1) For military members or families:

a. Since service member families often don’t live near extended family and cannot always get permission to travel home, invite military families to join you for special holiday events. Celebrating as a single-family unit might highlight their distance from loved ones. Help them see they are part of a loving community with the body of Christ! Some suggestions for activities to do with service members or families include inviting them to:

i. Attend a Christmas Eve service.

ii. Share a Thanksgiving, Christmas, or New Year’s meal.

iii. Bake Christmas cookies.

iv. Attend a local Christmas event.

v. Join you for Christmas caroling in your neighborhood.

vi.

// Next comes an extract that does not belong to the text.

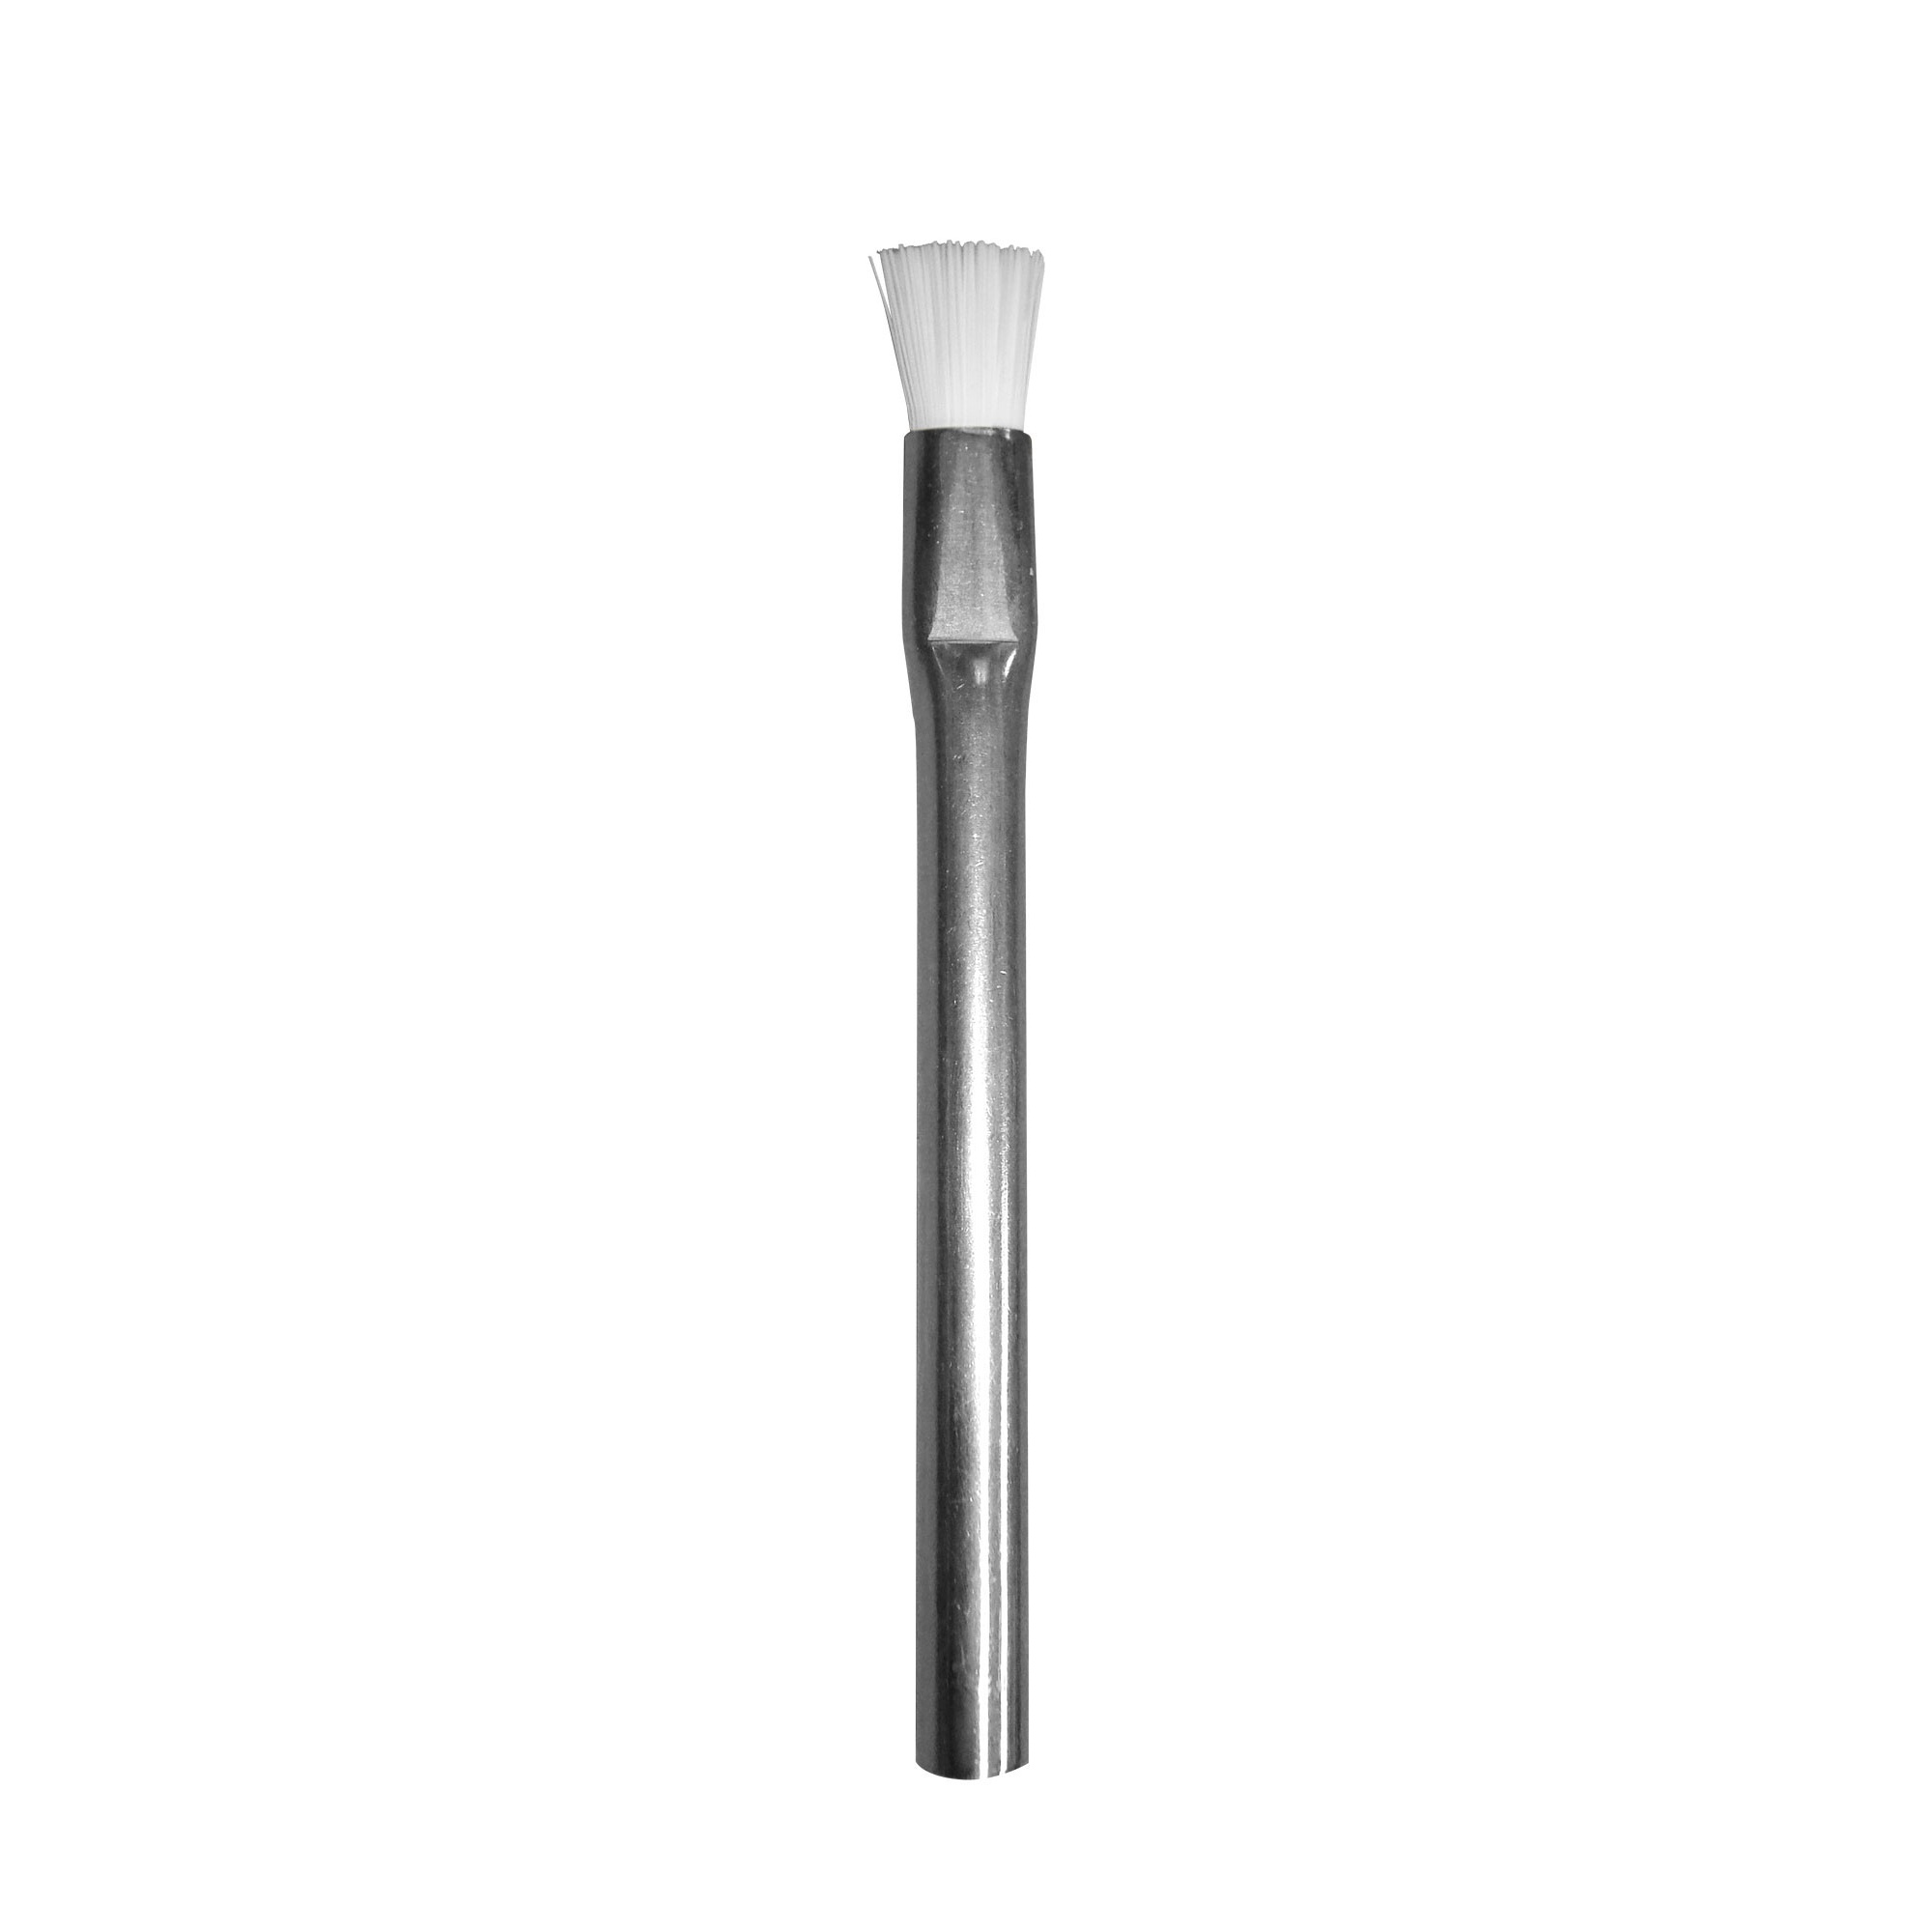 Applicator Brush — 0.008" Polypropylene Bristle / 5/16" Diameter Stainless Steel Tube Handle
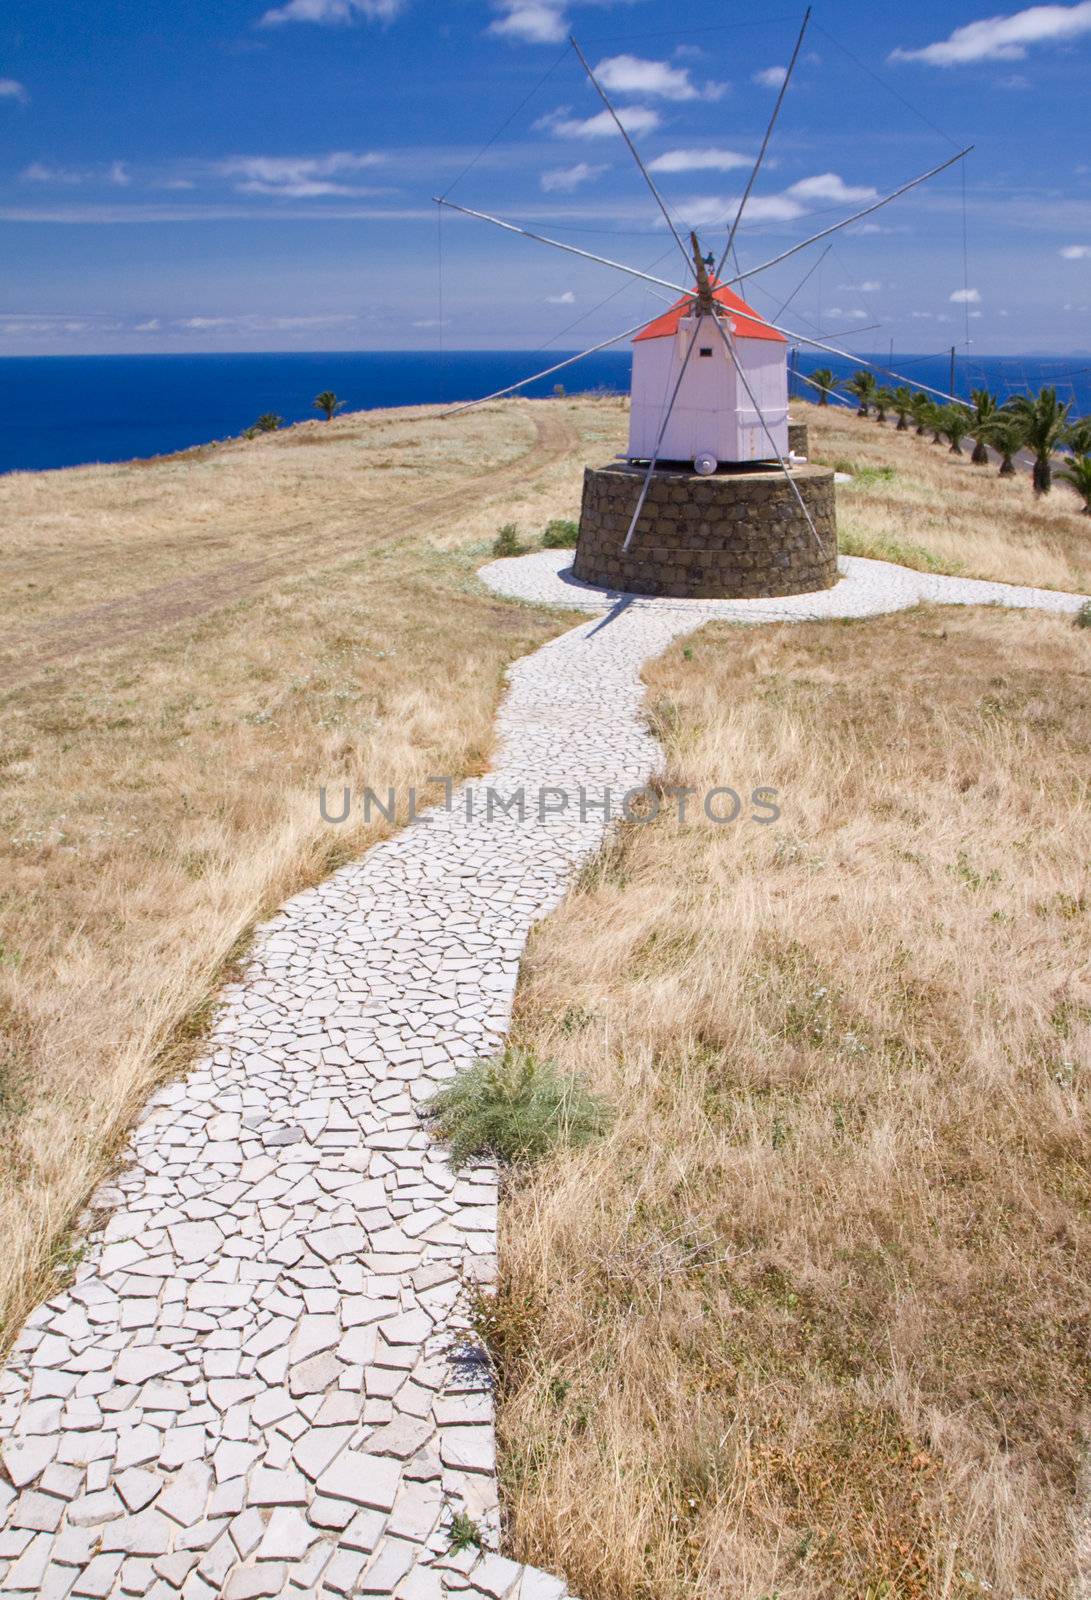 Footpath to Portuguese windmill by Gbuglok

Watch a Christmas movie.

vii. Decorate gingerbread houses.

viii. Drive around and gaze at Christmas lights.

ix. Attend a Christmas cookie swap.

x. Babysit their kids for a couple of hours while they Christmas shop.

xi. Join you for Christmas shopping.

xii. View New Year’s Eve fireworks.

b. Single military members don’t want to spend the holidays alone in the barracks or their apartment. Consider inviting them over to enjoy Christmas with your family. They might even want to spend Christmas Eve with your family and enjoy the opening of presents on Christmas morning with your family. Consider inviting them to the special holiday events listed above.

c. Consider adopting the armed forces member and/or spouse and committing to pray over them. Lead your family in regularly praying for this military member and any family. I created a resource that anyone can use to help guide you in praying for the military. Even if you don’t have an armed forces family member, you probably have a neighbor or acquaintance who is currently serving or who has served. Praying God’s Word is powerful, and each of these 25 prayers was crafted using Scripture. Consider gathering folks in your neighborhood to pray for service members around the holidays to give them the gift of prayer. To access the free prayer guide, go to

d. Give the gift of connection. Military members and their spouses need a date night. Marriage is hard, but add in frequent separations, combat trauma, deployments, and moves, and you have a recipe for possible isolation between the couple. Offer to watch their children so they can get some quality time to connect. Better still, consider offering to watch their kids overnight to reconnect as a couple.

2) For military spouses of a deployed armed forces member:

a. Invite the family left at home to join your holiday activities (see list above)– the loneliness will be much more vivid on special days. Don’t assume someone else is contacting them; please take the initiative.

b. Offer to help hang or take down the Christmas tree or other decorations and/or lights. Often, with a deployed spouse, these components of the holidays might get neglected and add to their disappointment and isolation. You can also offer to wrap or assemble Christmas gifts since they juggle parenting solo.

c. The spouse left at home probably needs a hug – offer it!

d. The adult on the home front needs meaningful face-to-face adult conversation. Just call to say hello and ask how they are doing. Stop by and let them know you are thinking of them. Help ensure the spouse left at home doesn’t feel forgotten.

e. Surprise them with a care package for something he or she can do to pamper themselves.

3) For the deployed military member:

a. Send them a care package. If possible, find out their favorite goodies and pack the box with them. Homemade baked goods are especially desired, as well as an encouraging note or card. We had our kids create handmade cards each year that we sent to deployed troops, along with baked snacks, magazines, and books.

b. Commit to praying specifically over them and send them a note telling them you are praying for them.

c. Gather or make handmade Christmas cards for several folks and mail them to them.

d. If you know military members who are deployed, send them an extra copy of your Christmas card so that they get to enjoy your holiday update in addition to the family back at home.

e. Send them notes and cards in the mail.